In the same meeting, the Supervisory Board approved the appointment of Dr. Abdu Mudesir to the Board of Management for the period from October 1, 2025 to midnight on September 30, 2028. He was assigned the Technology and Innovation Board department. By resolution of December 11, 2025, the Supervisory Board approved the renaming of this Board department from “Technology and Innovation” to “Product and Technology.”

The members of the Board of Management are appointed and discharged in accordance with § 84 and § 85 of the German Stock Corporation Act (Aktiengesetz – AktG) and § 31 of the German Codetermination Act (Mitbestimmungsgesetz – MitbestG).

The Supervisory Board of Deutsche Telekom AG advises the Board of Management and oversees its management of business. It is composed of 20 members: 10 represent the shareholders and 10 the employees. The employees’ representatives were most recently appointed at the delegates’ assembly on November 7, 2023.

Amendments to the Articles of Incorporation are made pursuant to § 179 and § 133 AktG and § 18 and § 21 of the Articles of Incorporation. According to § 21 of the Articles of Incorporation, the Supervisory Board is authorized, without a resolution by the Shareholders’ Meeting, to adjust the Articles of Incorporation to comply with new legal provisions that become binding for the Company and to amend the wording of the Articles of Incorporation.

The remuneration system for the Board of Management provides incentives to successfully implement the corporate strategy, to ensure a sustainable development of the Company, and is also focused on creating long-term value for our shareholders. The remuneration received by the members of the Supervisory Board is specified under § 13 of the Articles of Incorporation of Deutsche Telekom AG. Under the remuneration system, members of the Supervisory Board received fixed annual remuneration. The recommendations of the German Corporate Governance Code (GCGC), as published in the Federal Gazette on June 27, 2022, on “Remuneration of the Management Board and the Supervisory Board” (Section G) were complied with in the reporting year. aa

For the Declaration of Conformity pursuant to § 161 of the German Stock Corporation Act dated December 30, 2025, please refer to the section “Governance – Corporate Governance Statement in accordance with §§ 289f, 315d HGB.”

On April 9, 2025, the Shareholders’ Meeting of Deutsche Telekom AG passed a resolution on a retroactive adjustment to the Board of Management remuneration system from the 2025 financial year.

Detailed information on the remuneration of the Board of Management and the Supervisory Board is published in the separate Remuneration Report.
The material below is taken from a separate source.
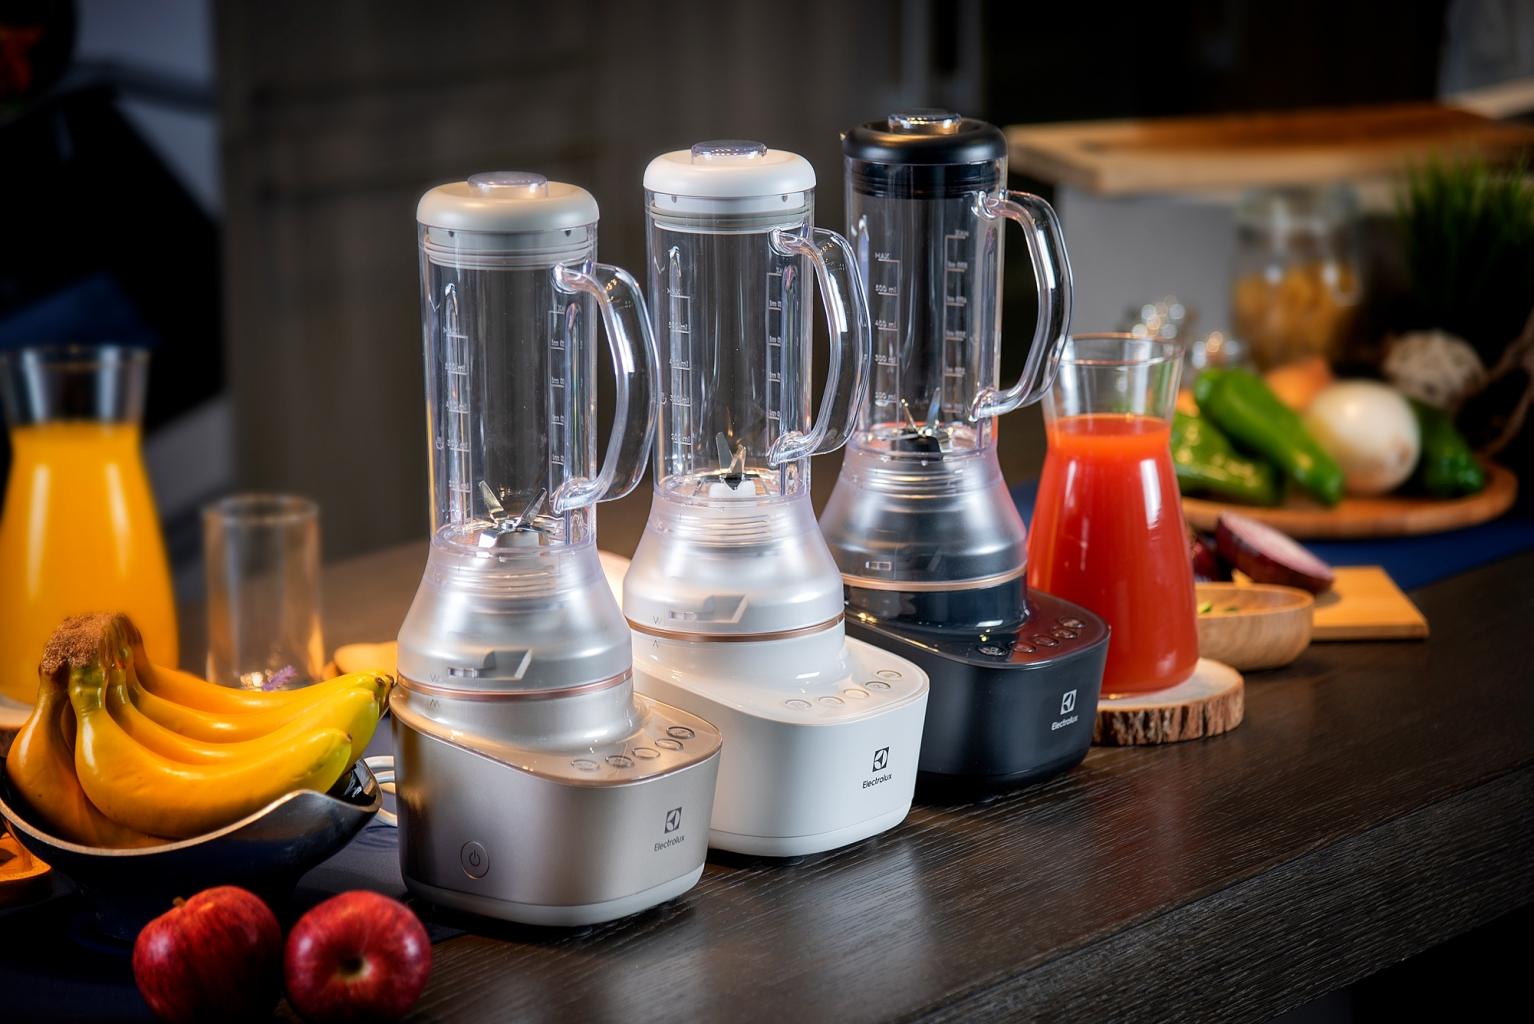 伊萊克斯主廚系列迷你高效果汁機,可依照需求挑選合適規格。

For further information on the Board of Management remuneration system, please refer to Deutsche Telekom AG’s website.

Members of the Board of Management and Supervisory Board of Deutsche Telekom AG were reported to have purchased and received 329,283 shares (2024: 451,757) and sold 332,021 shares (2024: 246,755) inter alia under the Share Matching Plan or as personal investments in the course of 2025. Total direct or indirect shareholdings in the Company or associated financial instruments by members of the Board of Management and the Supervisory Board do not exceed 1 % of the shares issued by the Company.

For further information on corporate governance, please refer to the section “Combined sustainability statement – Governance.”

a aInformation in this section, as well as the associated reference below the text, is information extraneous to the management report as explained in the section “Introductory remarks.”